• _Listed entries_:
▼▼▼
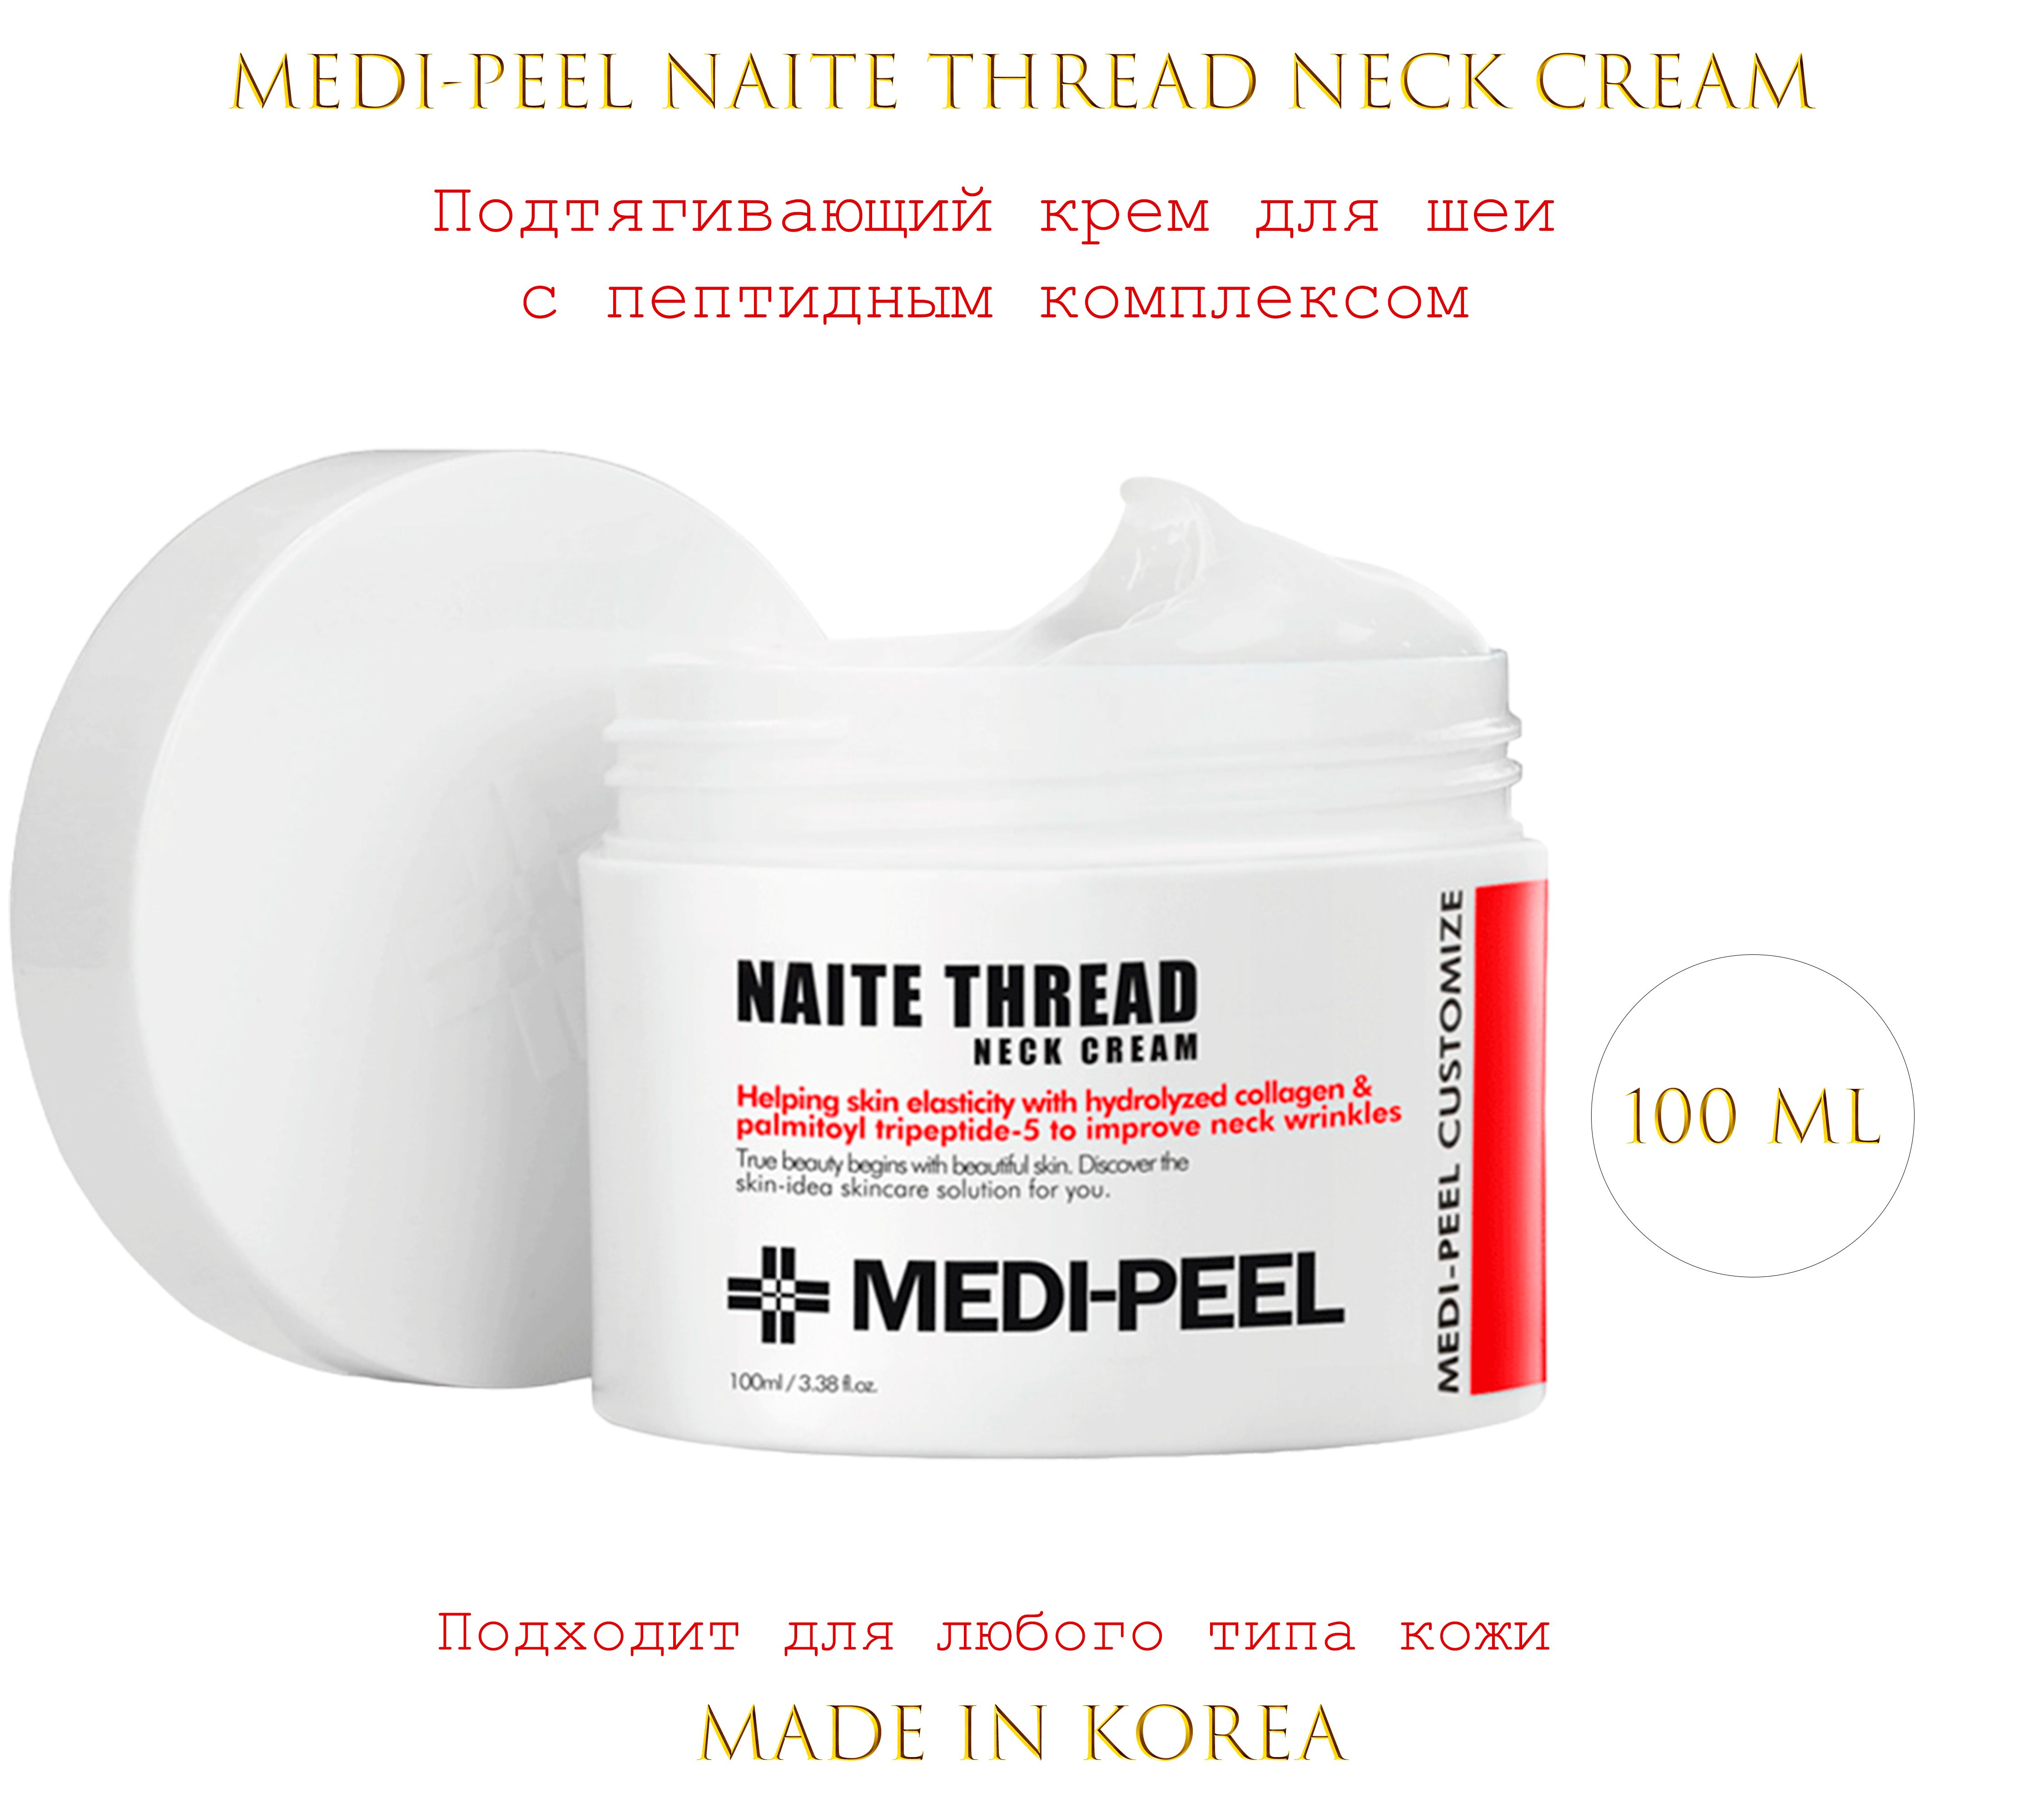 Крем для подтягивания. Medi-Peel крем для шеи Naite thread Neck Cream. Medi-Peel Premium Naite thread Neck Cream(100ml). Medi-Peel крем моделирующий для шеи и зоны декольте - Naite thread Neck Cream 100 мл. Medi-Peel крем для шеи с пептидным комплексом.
▲▲▲
▼▼▼
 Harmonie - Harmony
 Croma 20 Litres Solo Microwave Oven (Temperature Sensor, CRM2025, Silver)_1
▲▲▲
Starting with the line with "Harmonie - Harmony" above and going on through the line with "Croma 20 Litres", transcribe every line exactly, both ends included, and add nothing.

• _Expected output_:
 Harmonie - Harmony
 Croma 20 Litres Solo Microwave Oven (Temperature Sensor, CRM2025, Silver)_1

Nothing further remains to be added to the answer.